ERIC:               All of that, of discovering and fetching every document [00:08:00] in the Web, i.e., crawling it. Then, okay, you have a pile of tens of billions of documents, how do you turn that into something that a search engine can use? That means building a web map so you can do page rank and all those things, so taking every document, tearing it apart into sets of terms, then sorting all that information by the terms, sorting it by the document that the link is referring to. Basically, doing petabyte scale sorts. We built a series of infrastructures to do that, and just storing and managing all that data. We built, rebuilt, and rebuilt that system about four times by 2005.

STEFAN:          Wow.

ERIC:               Then 2005, actually what happened was, we were thinking of re-architecting it again, and the science team started coming and banging on our door saying- he didn’t stop at my door, they were coming, they were giving me a lot of advice (laughter). That they would love to have a system like these papers they were reading from Google, because they wanted to do research on all the documents that we were crawling and we’d built these thousand-computer clusters, one of them to crawl the web, one of them to do the sort of page rank calculations, one of them to actually build the final indexes that the search engine used. But all of that hardware was dedicated to that one purpose…

STEFAN:          One thing, yeah.

ERIC:               …and they couldn’t use it. We were looking to re-architect all that anyways, so we said… that was at the point where we said, “Let’s build the system based on the MapReduce interfaces and the HDFS interfaces. Well, the Google File System interfaces. We knew we could do it because we’d built four of these before. We already had a thousand-net system that was effectively running MapReduce, but the APIs suggested by the Google guys were better. We looked at that and said, “Okay, if we rebuild it this way, then we’ll be able to [00:10:00] reuse that software in many more applications.”

STEFAN:          Before we go into more of that really cool infrastructure, I want to… [I will click 00:10:08] a little bit on that challenges around search engine, because I work that area as well and was always like, “Boy, how do you get to such a big crawl?” And there’s all those little tricks and HTTP keep-alive, and DNS-caching was a really big problem for us, especially in the Nutch days, because we basically didn’t go to one house and download all the documents, but we took URL-by-URL, so we had to do a DNS lookup for every URL we had to… how did you guys manage to crawl that much data?

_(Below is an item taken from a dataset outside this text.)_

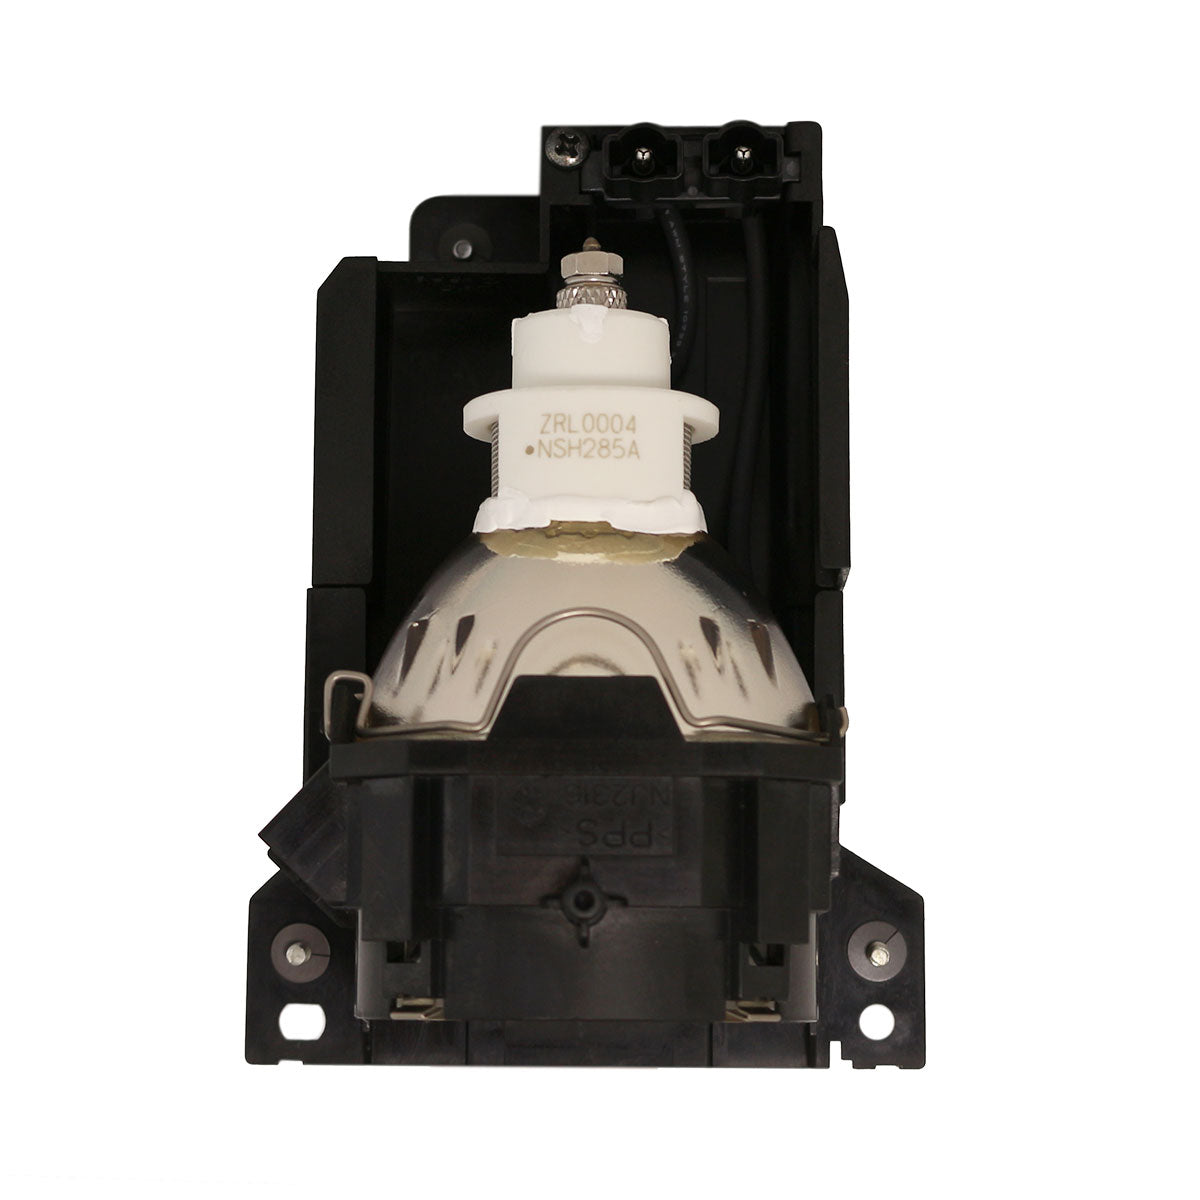 Dukane 456-8943 Ushio Projector Lamp Module

ERIC:               Some of those problems get easier at scale. Some of them get harder. So, you would partition the crawl by host, so things like DNS-caching were not a big deal. You obviously do need to do it, but the biggest problem we had was being nice to the world. I learned a lesson back in, around ’99, when one of my engineers running a test crawl on his laptop took down Microsoft.

STEFAN:          (laughter) That was you?

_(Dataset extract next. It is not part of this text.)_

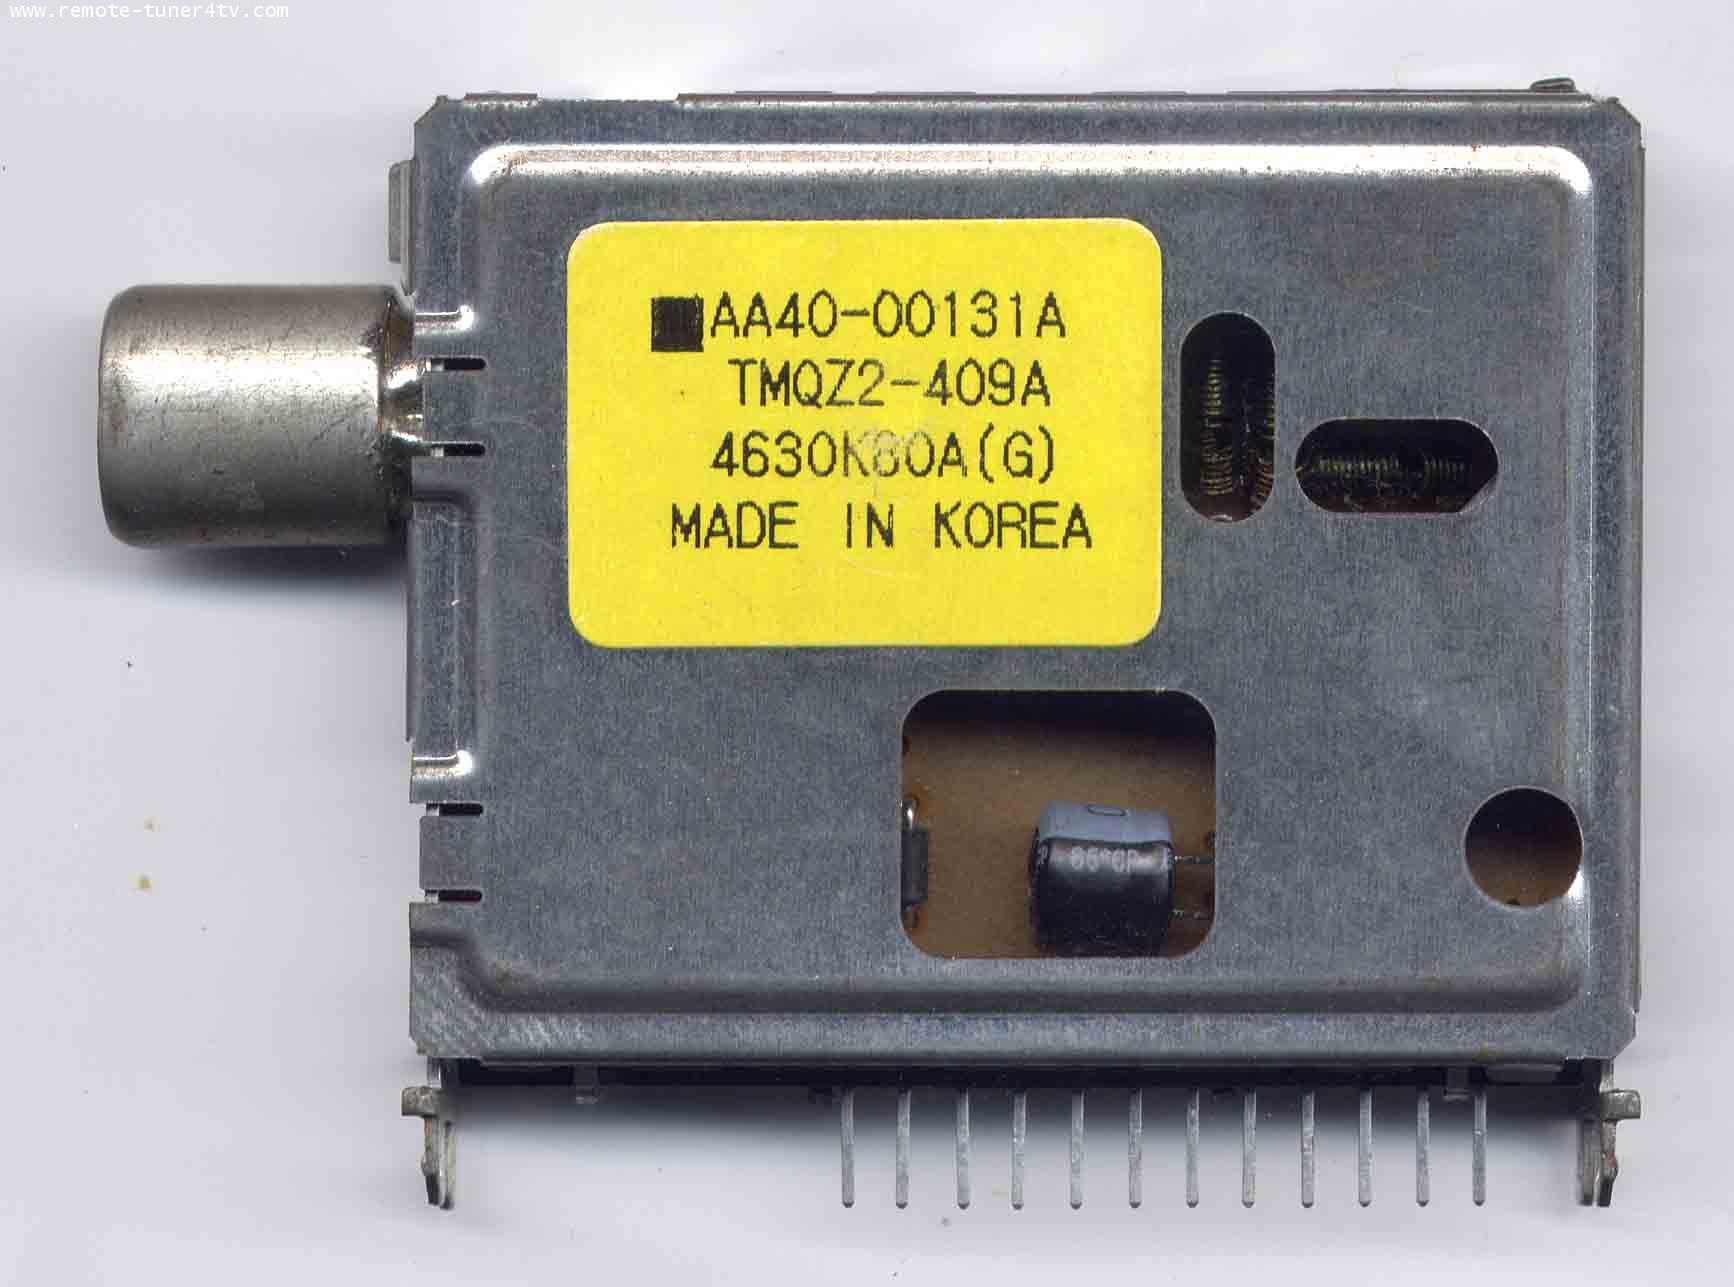 AA40-00131A(TMQZ2-409A)

ERIC:               It was just one… but you think about it, how many websites, especially back then, were prepared to have somebody open up and start to fetch thousands and thousands of pages simultaneously. They just weren’t architected for it. Today I don’t think you could take down Microsoft from your laptop by just asking for its pages, but back then you could take down any site in the world that way.

STEFAN:          Right.

ERIC:               Just figuring out how to be polite. Then you have the reverse problem, which is…

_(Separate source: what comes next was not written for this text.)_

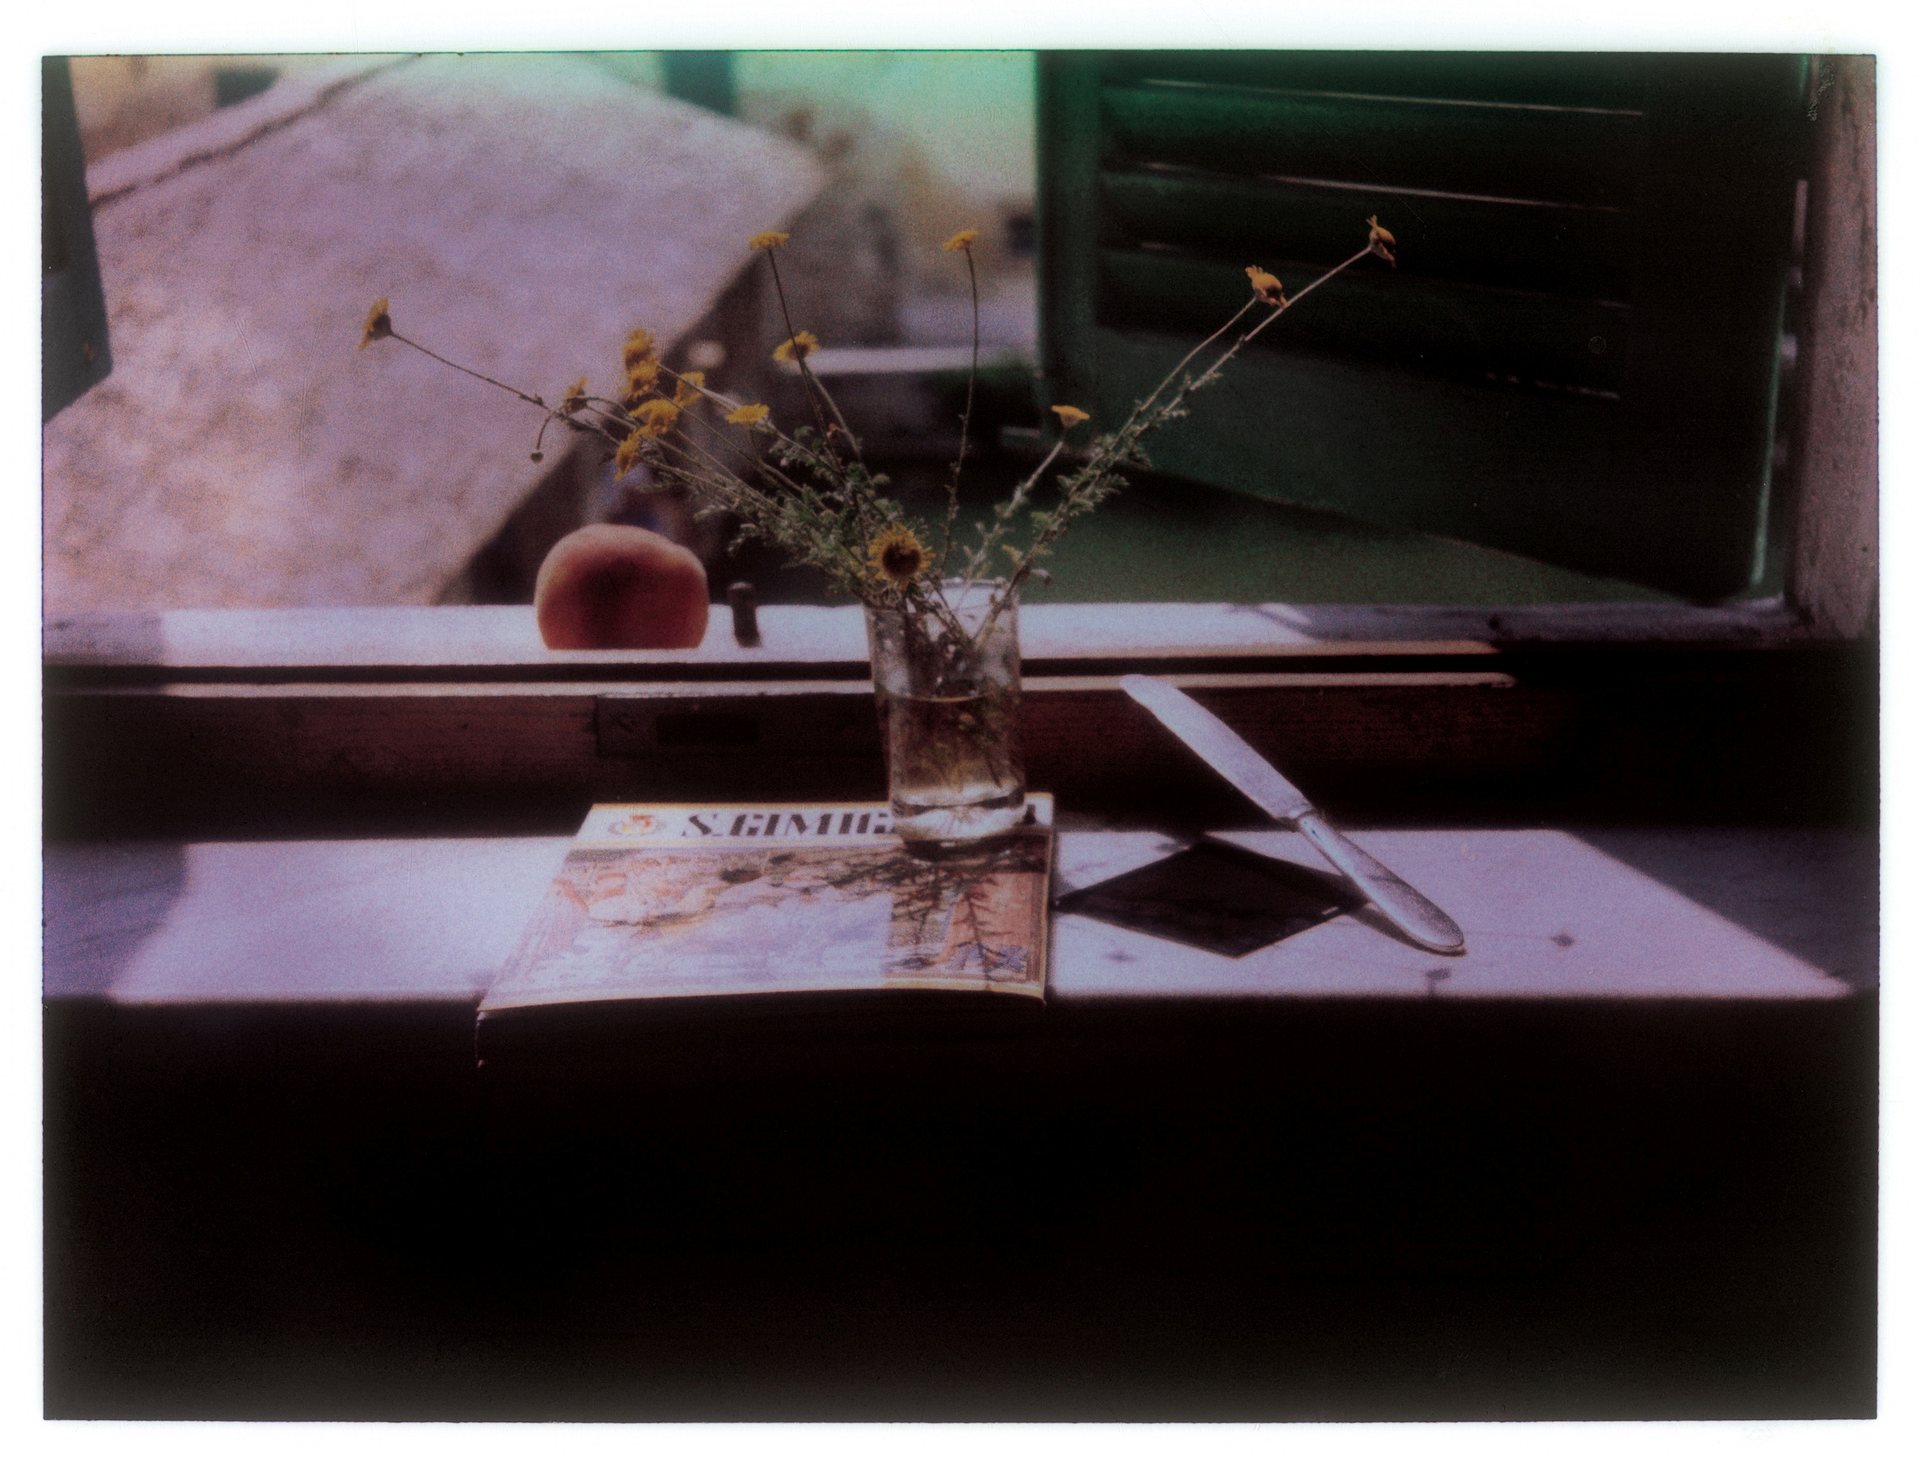 Οι ποιητικές Polaroid φωτογραφίες του Αντρέι Ταρκόφσκι

STEFAN:          Right, you’re not fast enough.

ERIC:               …well, I need to get a billion, I need to get millions and millions of pages out of this website. How do I sequence that? So yeah, there’s a lot of tricks. You partition it where you could, then you had to keep a list of active hosts. The other one that really was a pain was [00:12:00]-

STEFAN:          And active host means open connections?

ERIC:               Yeah. You had to keep a list of the hosts that were big enough that you couldn’t just take the… by default you’d just take all the URLs and just randomize them and you’re done. That’s a strategy that Nutch probably used, [hash by the URL 00:12:15]…

STEFAN:          But then we had the DNS lookup problem that slowed us down.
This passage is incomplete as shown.